I’m also working on a book. I can hear you sigh, “Another book about AI?” But no, it’s actually about citizen diplomacy. In the AI world, we are seriously concerned with machine dominance, but no worries – humans might end themselves first if the current separation due to crazy politics prevails. Citizen diplomacy tackles that very problem. It is about the difference that each of us can make on a bigger scale. It's about uniting and making the impossible possible. So this is my plan for the end of July: to reevaluate the best content about ML for the best audience (that’s you) and to dive into, or even delve into, the fascinating story of citizen diplomacy to learn from its history. These lessons are the most valuable and the most overlooked.

The next week is still full of content (xLSTM and an AI unicorn investigation!). But no emails from July 22 to August 5. Please reach out if you have feedback, ideas for what we should cover, or just words of support. We love you.

And here is a question: starting August 5 →

In our weekly analysis, what should we dedicate more time to:

Login or Subscribe to participate in polls.
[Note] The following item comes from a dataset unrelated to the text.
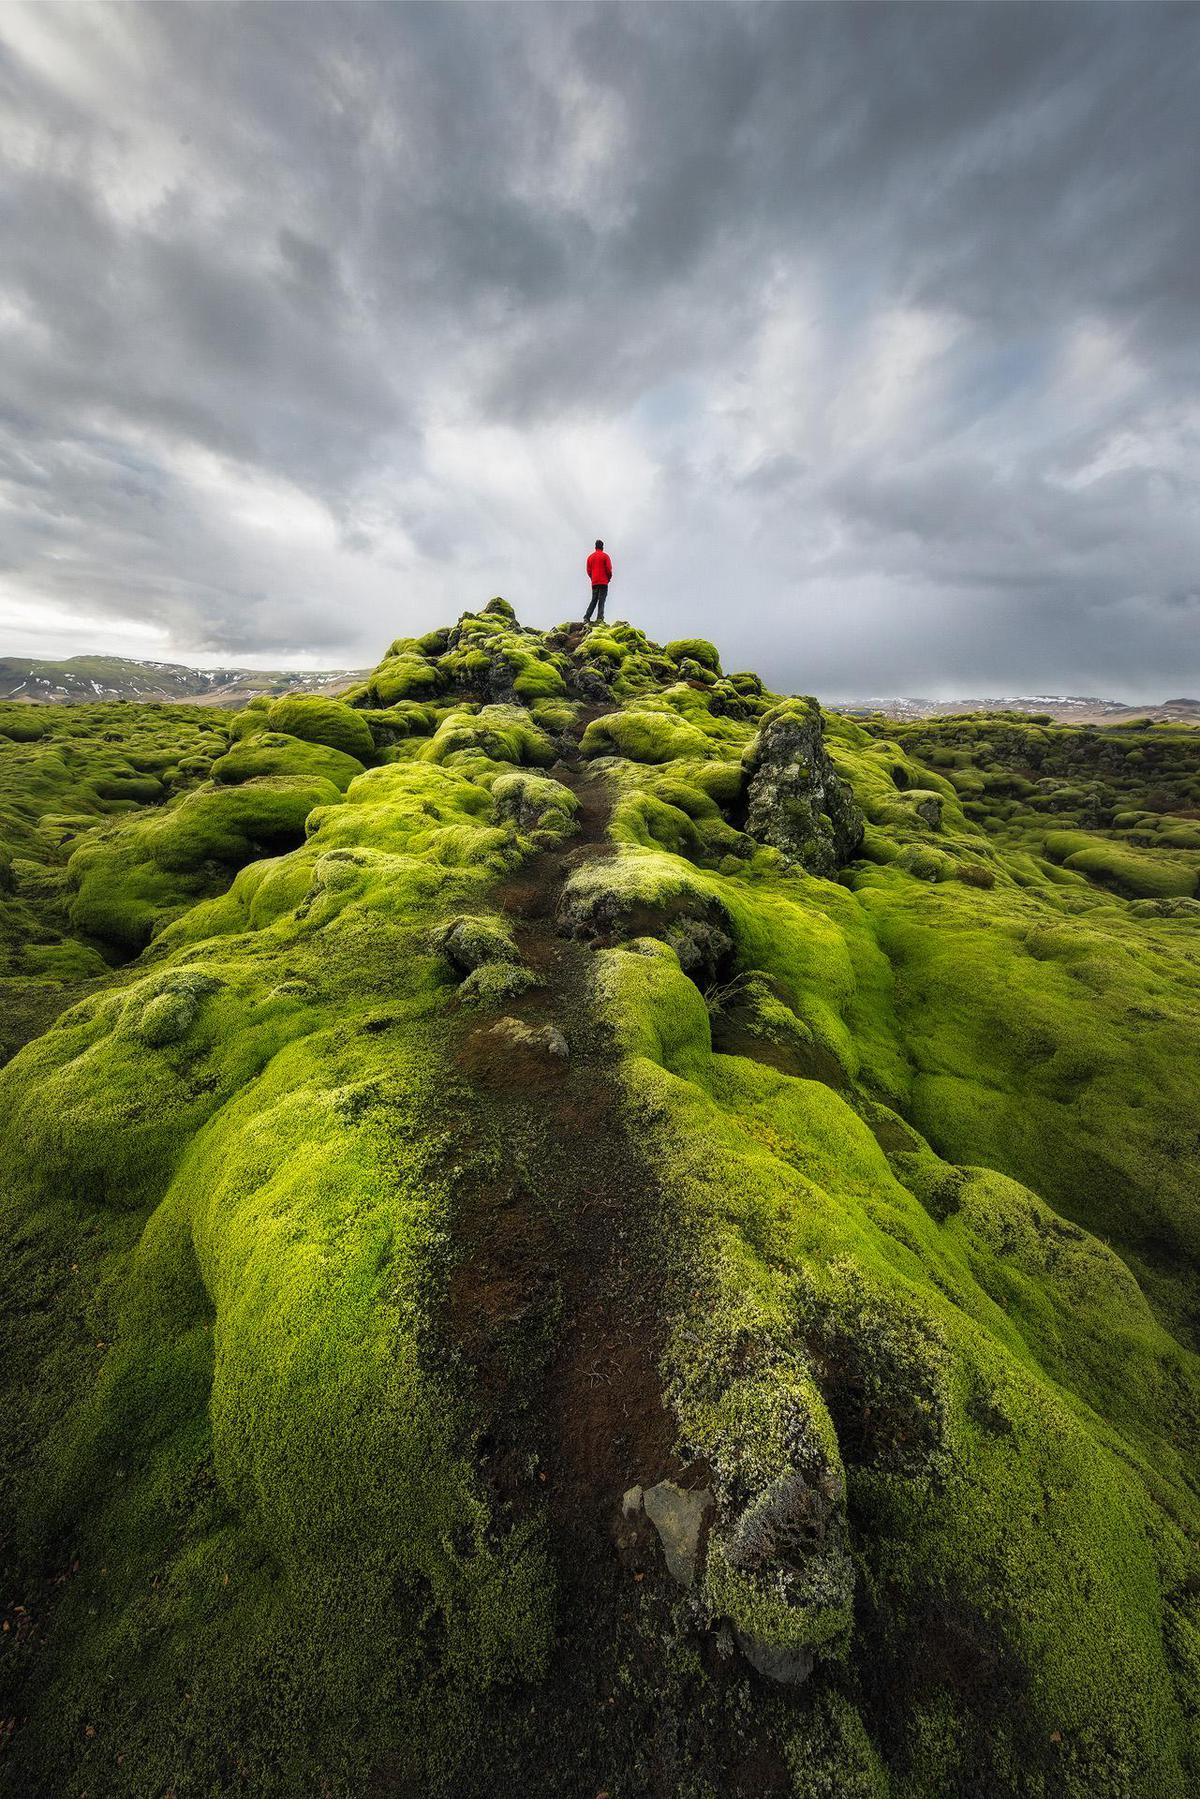 Image of Highland, Nature, Green, Sky, Grass, Fell etc.

Please click the link below. Our partners offer a great free webinar →

Free Webinar: Fine-tune and evaluate LLMs on your data with SuperAnnotate and Databricks

Date: July 30th, 10 am PST / 7 pm CET

While most companies have large amounts of data, they are often unprepared for LLM fine-tuning. During fine-tuning, LLMs learn to mimic the style and content of the data used, and it is therefore important that this data represents the intended model behavior exactly. 

During this webinar, we will explore how you can leverage SuperAnnotate with Databricks to refine your data, fine-tune large language models, and thoroughly evaluate the results to make well-informed deployment decisions.

Twitter Library

News from The Usual Suspects ©

Hedge Funds Go Ga-Ga for South Korea

  • Hedge funds like Britain's Man Group and Singapore's FengHe Fund Management are betting on South Korea's chipmakers, driven by AI demand for high-end memory chips. Their investments in SK Hynix and Samsung Electronics have boosted South Korea's KOSPI index, anticipating growth fueled by government backing and rising chip prices.

  • BTW, an interesting announcement related to South Korea will be waiting for you when we are back from the break in August. Stay tuned.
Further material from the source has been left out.